--- Data provided ---
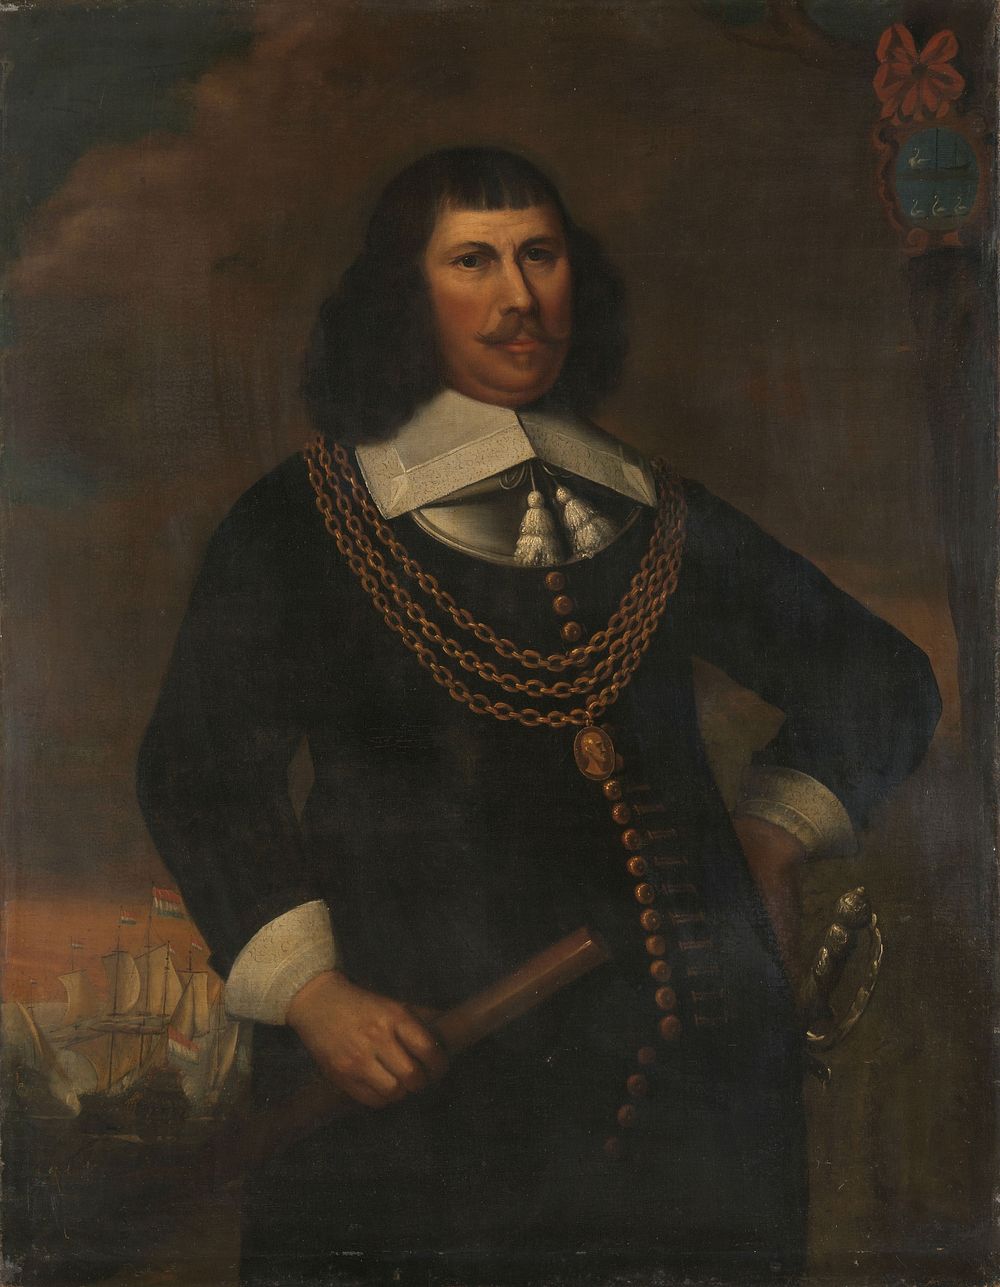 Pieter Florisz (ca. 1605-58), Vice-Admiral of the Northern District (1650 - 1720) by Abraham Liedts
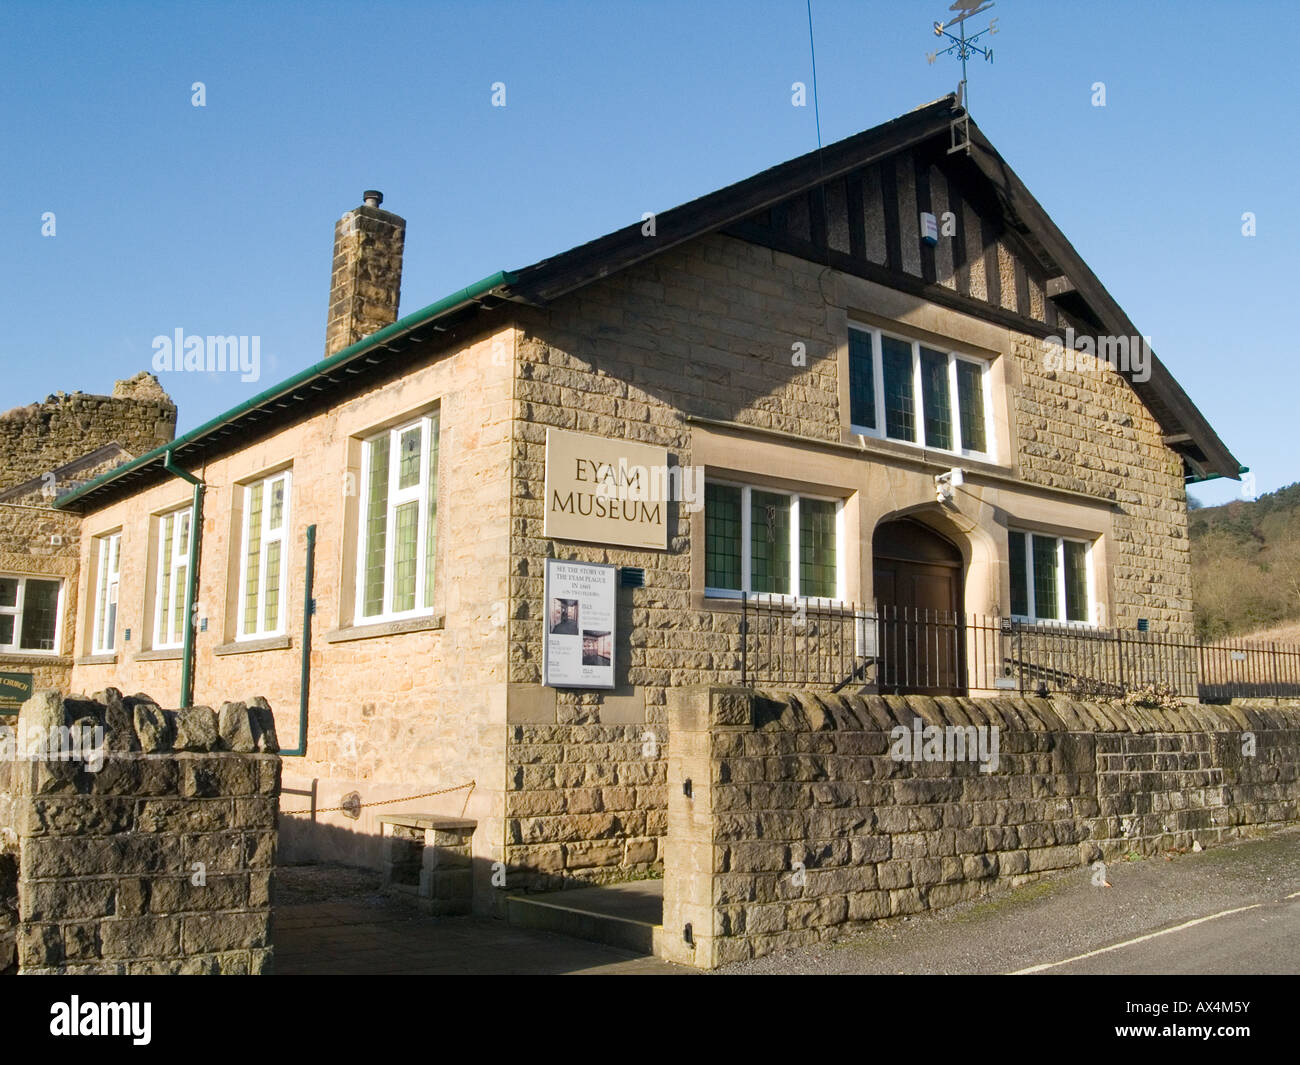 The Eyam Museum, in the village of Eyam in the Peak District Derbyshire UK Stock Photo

--

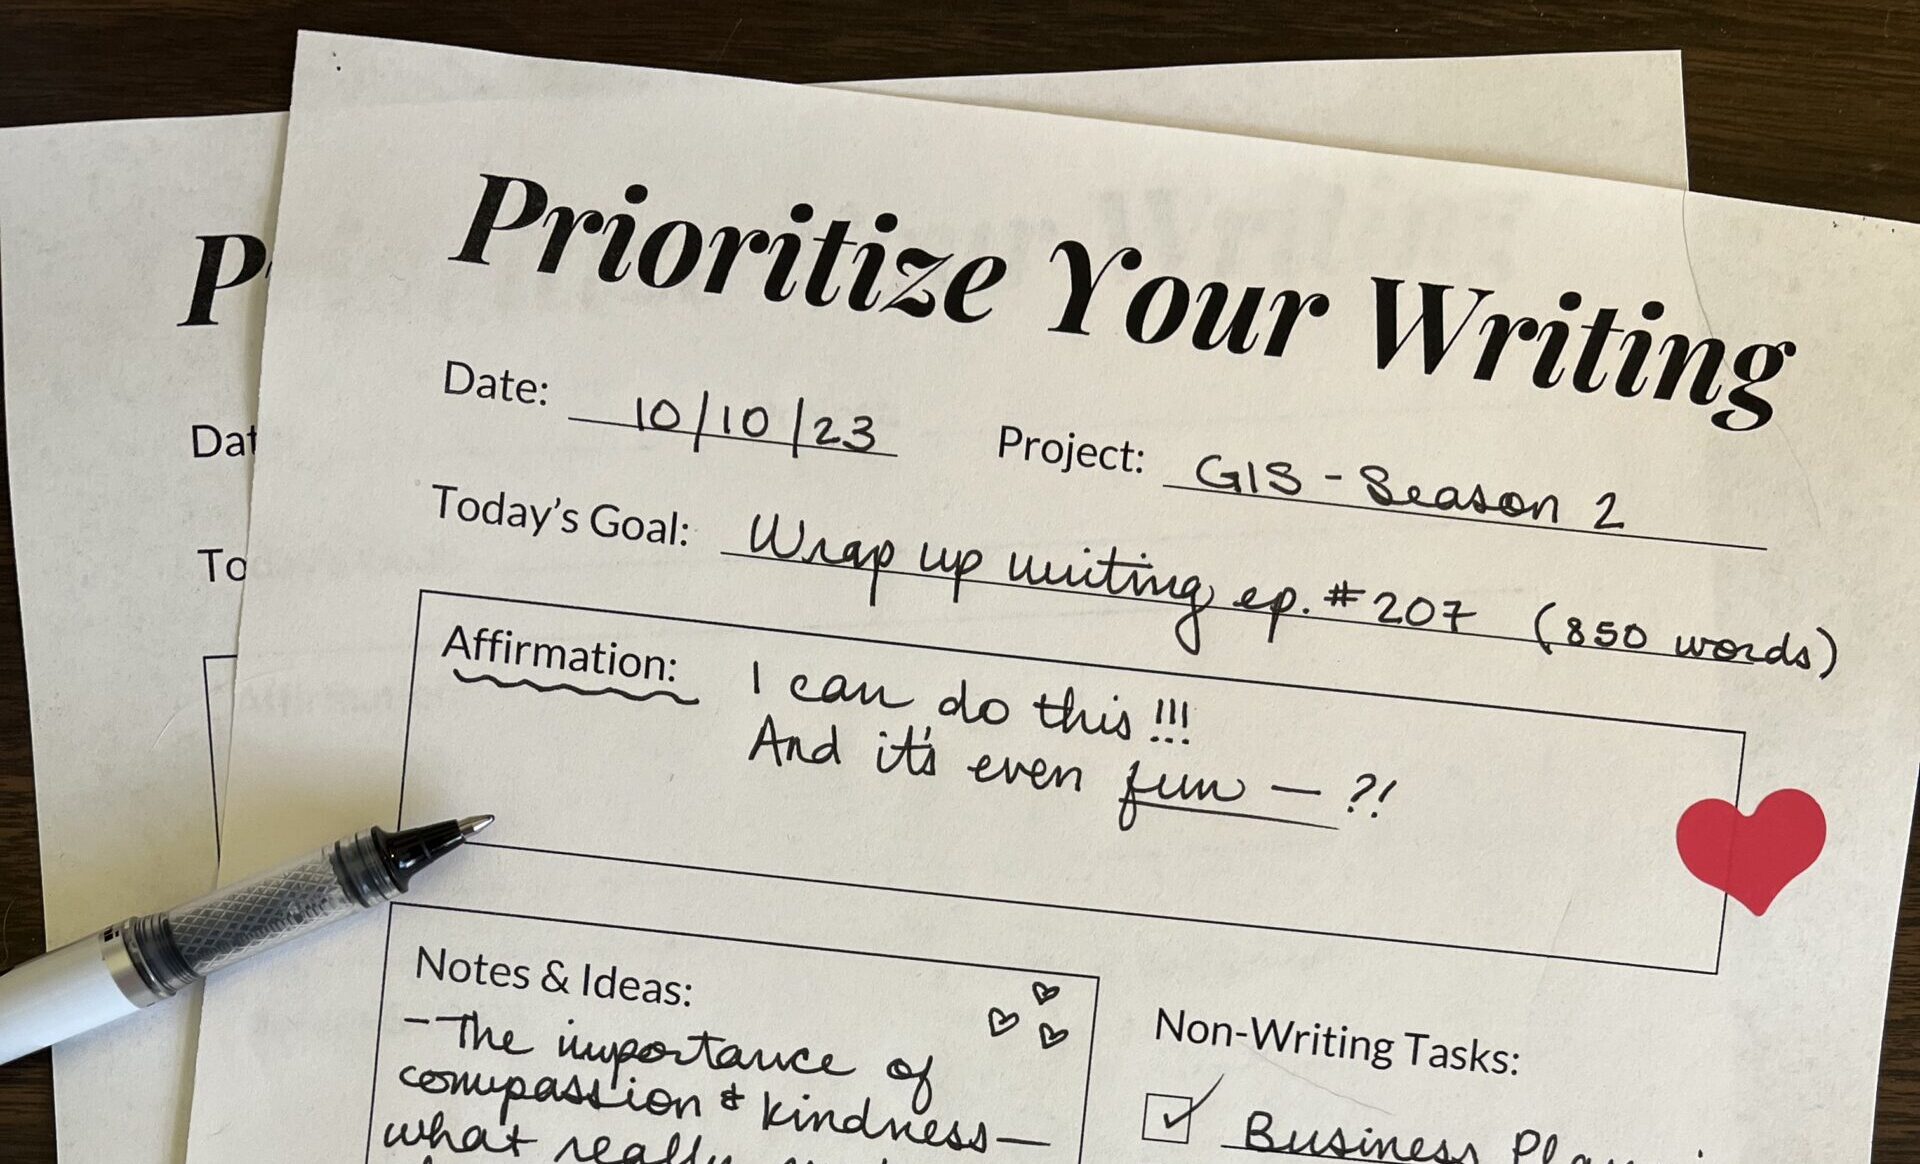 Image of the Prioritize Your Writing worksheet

--

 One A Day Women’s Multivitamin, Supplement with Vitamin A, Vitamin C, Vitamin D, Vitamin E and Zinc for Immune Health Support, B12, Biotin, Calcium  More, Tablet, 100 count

--- About this exercise ---
Go back to the lines above and output, exactly as they stand, the ones from the line containing "Pieter Florisz (ca." to the line containing "The Eyam Museum, in". Leave all pictures behind.

--- Answer area ---
 Pieter Florisz (ca. 1605-58), Vice-Admiral of the Northern District (1650 - 1720) by Abraham Liedts
 The Eyam Museum, in the village of Eyam in the Peak District Derbyshire UK Stock Photo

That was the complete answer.